This apostrophe, I presume, will be allowed strictly consonant to the character of the Divine Speaker: But not to indulge myself farther in a mode of speaking, which some persons may think unusual in discourses from this place, I proceed to observe, that as Christ was born into the world, not only to redeem men from sin by his sufferings, but to instruct them in holiness by his example; that example ought uniformly and strictly to direct our practice in every station of life to which it can be applied.

Apply we it then at present to the case of consolation in general, and see how false the tenets of those men are, who would engraft on our holy Religion, the mean, the unfeeling, the unmanly principles of Stoicism; who, with a supercilious brow, a dry eye, and a callous heart, declaim to their afflicted brethren that all grief is sinful; that it argues a distrust of God's providence, and that the greatest earthly calamity ought to be of no moment to him, who has a firm belief in the promises of Revelalation, and sure hopes of a blessed Eternity.-To this, and more than this, it is surely sufficient to reply, that JESUS WEPT, and, by mixing his tears with those of the

distressed, gave them his sanction; fully authorizing them to feel those sorrows like men, which his precepts and example would teach them to bear as Christians.

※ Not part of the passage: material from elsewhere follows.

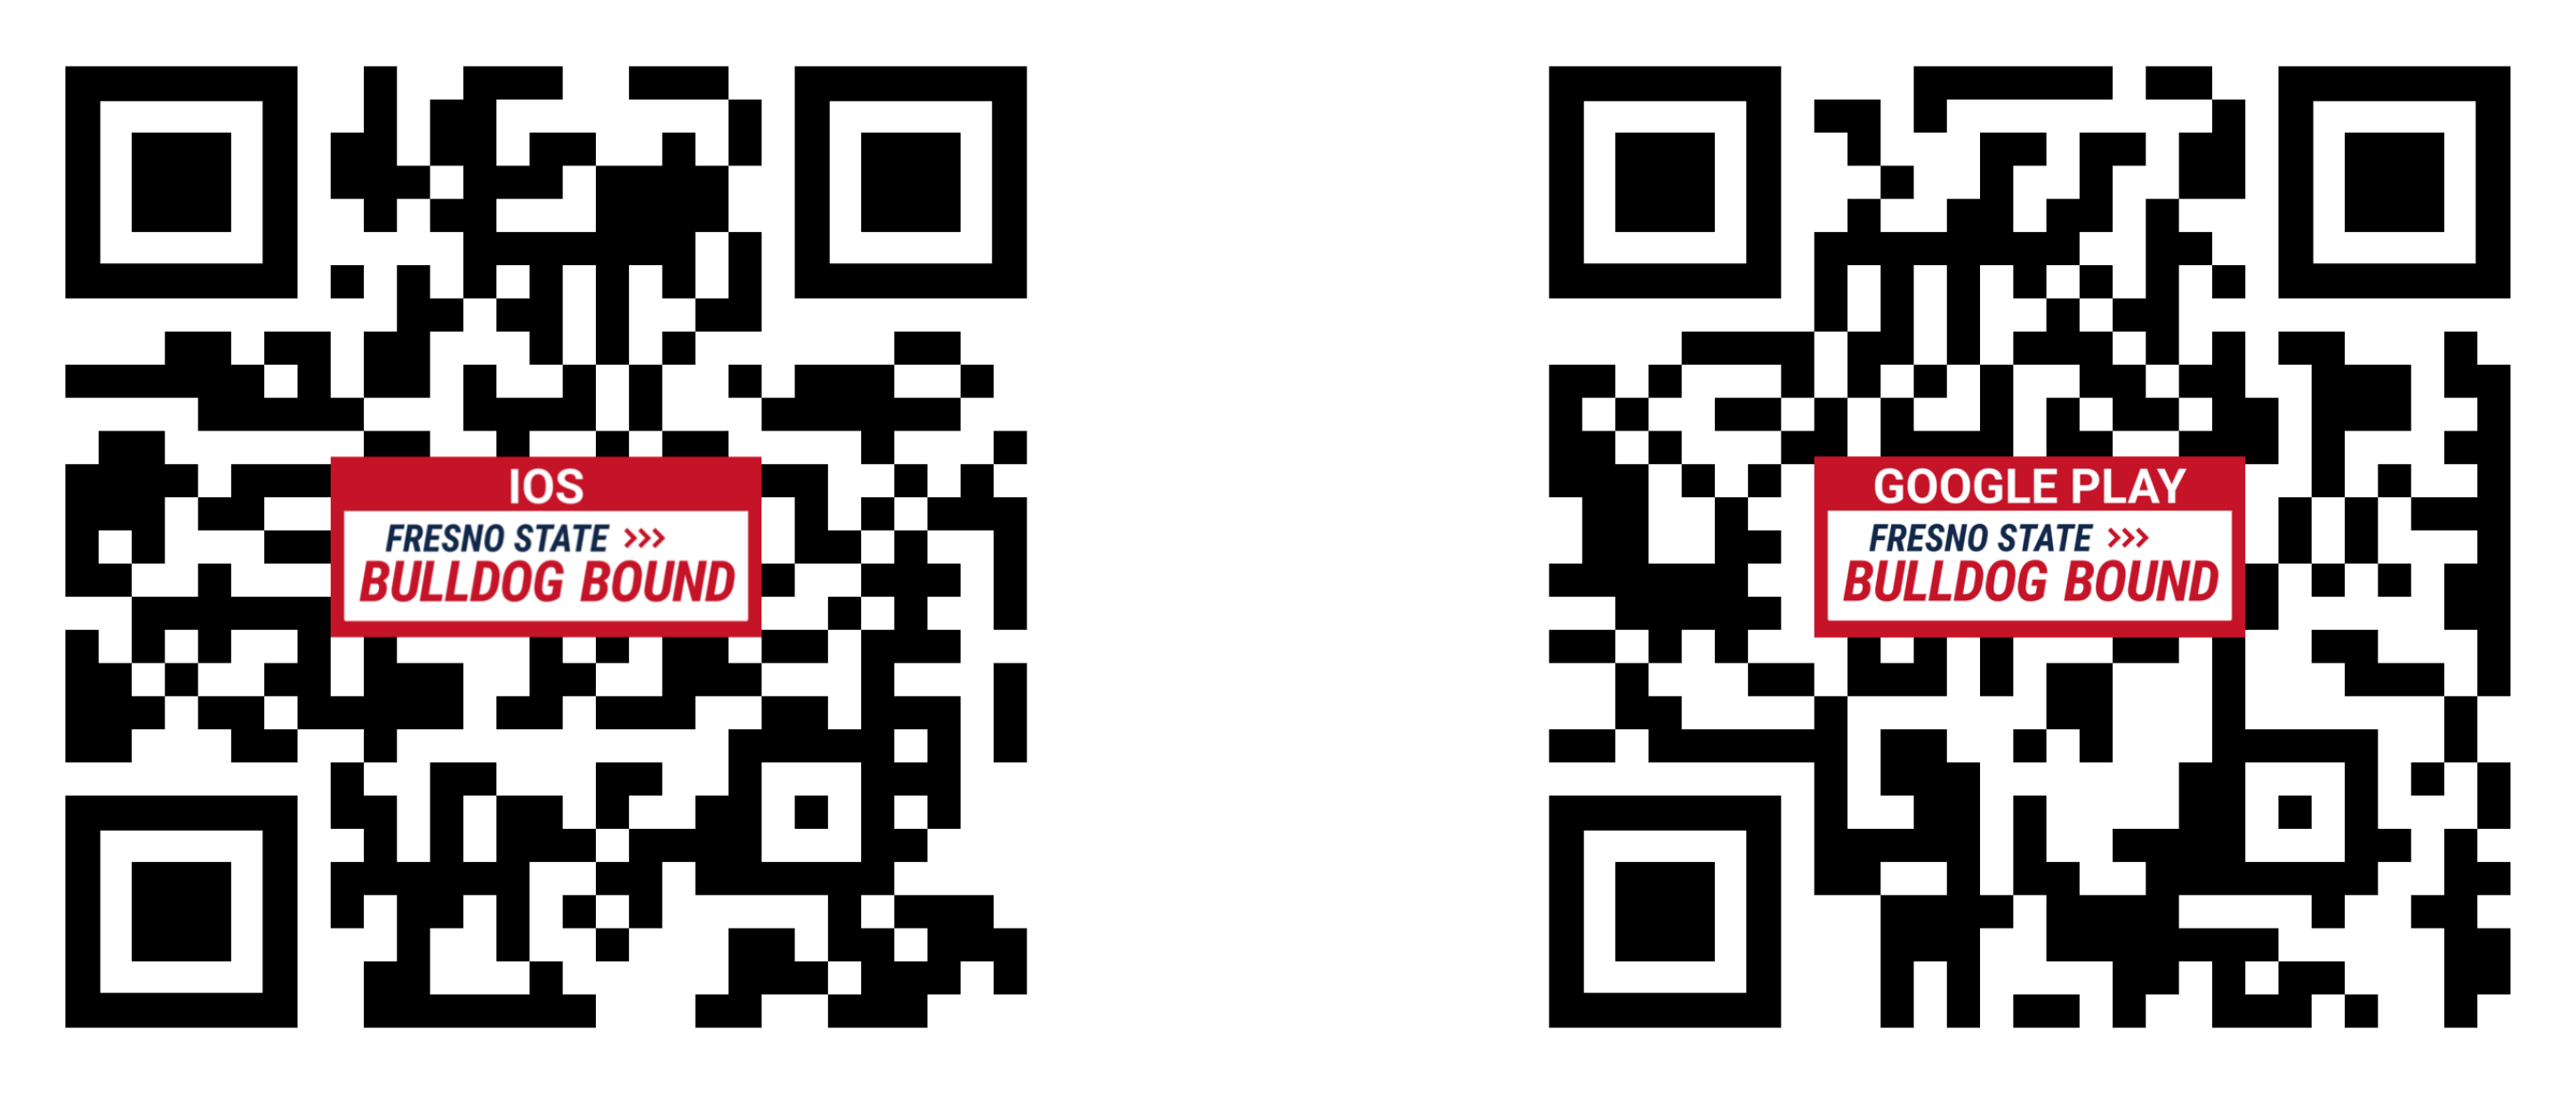 qr codes to download the app, IOS and Google Play

That private grief may be indulged to a very blameable extreme is not indeed to be denied, but the sorrows to which the text refers are of the more social and generous kind, and such as it is therefore almost impossible to carry to excess.-The more intimately we enter into the afflictions of our fellow-creatures, and the closer we assimilate our feelings to theirs, the nearer we approach the sacred pattern set before us. Compassion, therefore, in the largest and most absolute sense, being certainly a principal part of Christian perfection, it may not be amiss to employ the sequel of this discourse in pointing out some of the principal causes which prevent our beholding, in this nation, so many amiable examples of it as might earnestly be wished for, not only by every advocate for his Religion, but by every lover of his Country.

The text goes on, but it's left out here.